Firefox: Why Microsoft Should Be Worried

I inadvertantly posted this earlier while it was still under development. Sorry for the confusion.

Firefox turned 1.0 last week, and in the process managed to hit 1,000,000 downloads in one day. Put that into perspective - Firefox is in the neighborhood of 5 MB, which means that the servers had something in the neighborhood of 5 terabytes of data streaming over their pipes. From a pure networking standpoint, that's pretty amazing, not to mention the indication about how major a release Firefox has become.

A few Netcraft statistics are perhaps just as revealing. Netcraft measures browser usage on the web, and according to its data, Firefox has managed to capture about 4% of the browser share just since October when the 1. 0 preliminary review was released. Given that the movement of any given browser usually tends to be in the neighborhoods of tenths of points from month to month, this jump was phenomenal. Firefox and Mozilla combined now occupy roughly 7% of the browser market, most of it at the expense of Microsoft's Internet Explorer. IE dropped below 90% or the market for the first time in several years.

I've seen a number of articles on the web asking whether Microsoft should be worried about the rise of Firefox, especially given their own market-share of around 90%. After all, ASP.NET is increasingly putting the orientation of web pages regardless of which server the browser is aimed at, a server-centric philosophy that seems to be consistent with the stance that the company took after moving from a rich client model in the late 1990s.

Personally, I would contend that Microsoft does need to worry ... a great deal. Internet Explorer is more than just a browser ... it is a critical piece of infrastructure that is used in any number of applications, including applications that don't necessarily talk to the web. The ability to create dynamic interfaces is not something to take lightly, as such systems are far easier to update, more readily customizable than precompiled binaries, and are often simpler to write applications around, for the vast majority of all such applications. Given that a significant proportion of such applications are written not for the home user but for the enterprise, Internet Explorer may in fact anchor Windows in businesses even more than Microsoft Office.

Given that, Firefox represents a significant threat to Microsoft. I have been working with Firefox and XUL for roughly three months now, building a number of tools for a content management system including a customized WYSIWYG XML editor and a versioning system monitor. With some work, I've managed to make these tools work across Windows, the Macintosh and Linux, using a combination of Mozilla's XUL, Javascript, and XSLT. The editor, as one example, overrides the Firefox menu, making it possible for me to actually piggyback on top of a user's version of Firefox to get the functionality that I need.

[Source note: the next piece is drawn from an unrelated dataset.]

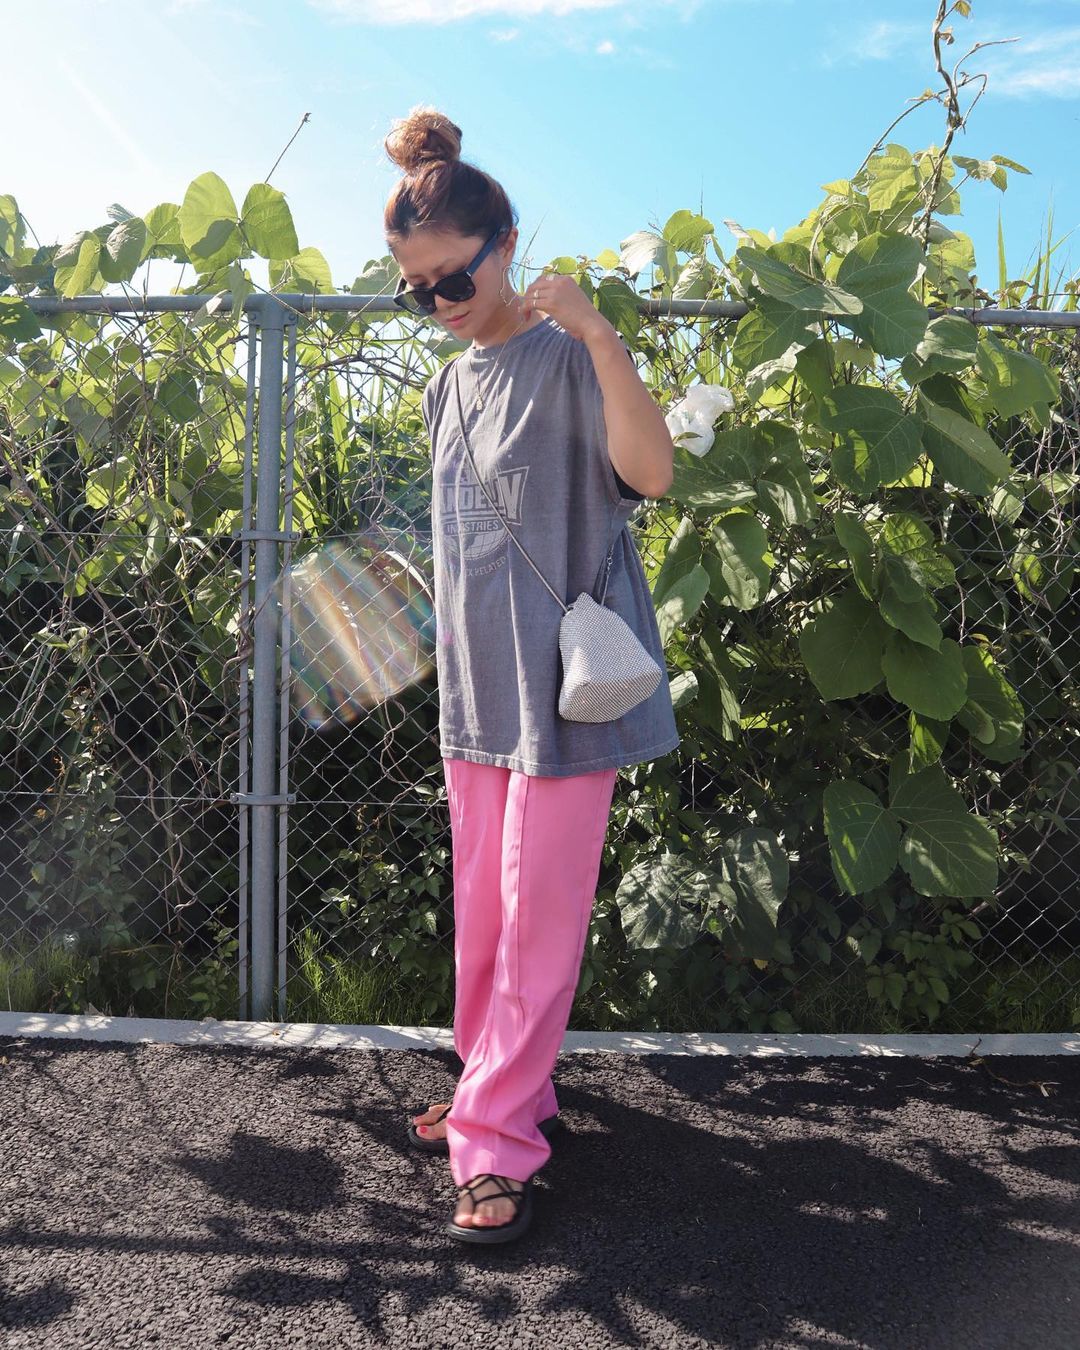 Teva Sandal Styling Idea Outfit Summer テバ サンダル コーディネート スタイリング 夏
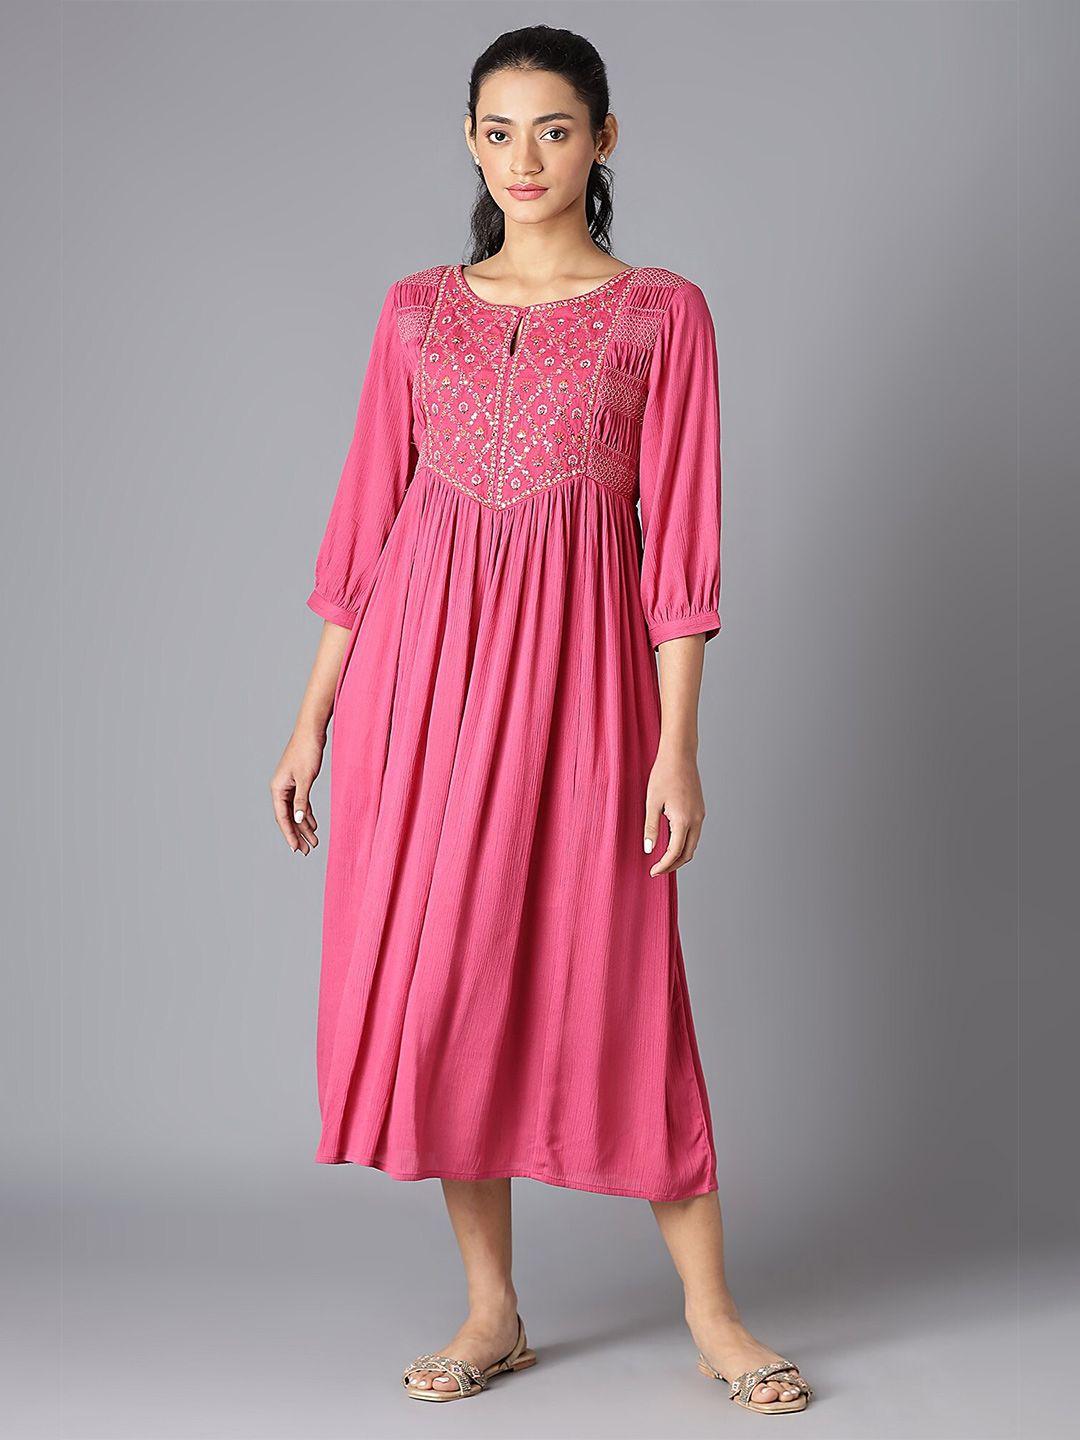 w-women-pink-embellished-keyhole-neck-ethnic-a-line-midi-dress

I am writing this blog using the editor I built on the Firefox XUL library and API, with the editor actually running as a tabbed pane within the browser itself. While it is certainly possible (and I'll discuss in more detail how it can be done) to set up such core functions as cut, copy and paste, text searching, undo and redo, and so forth through Javascript code, by building on top of the web browser itself I was able to effectively get all of this for free, leaving me with more time to implement functionality specific to the company's requirements. Perhaps the closest analogy I can think of as to the power of this would be as if you had access to the source code for Internet Explorer, could make changes to the interface using XML and Javascript, and could then run it on any platform without complex recompilation. The XAML model comes closest, but XAML is also still at least two years out, and it's unlikely that you'll actually get a chance to manipulate (or even see) the source code for the XAML rendering engine.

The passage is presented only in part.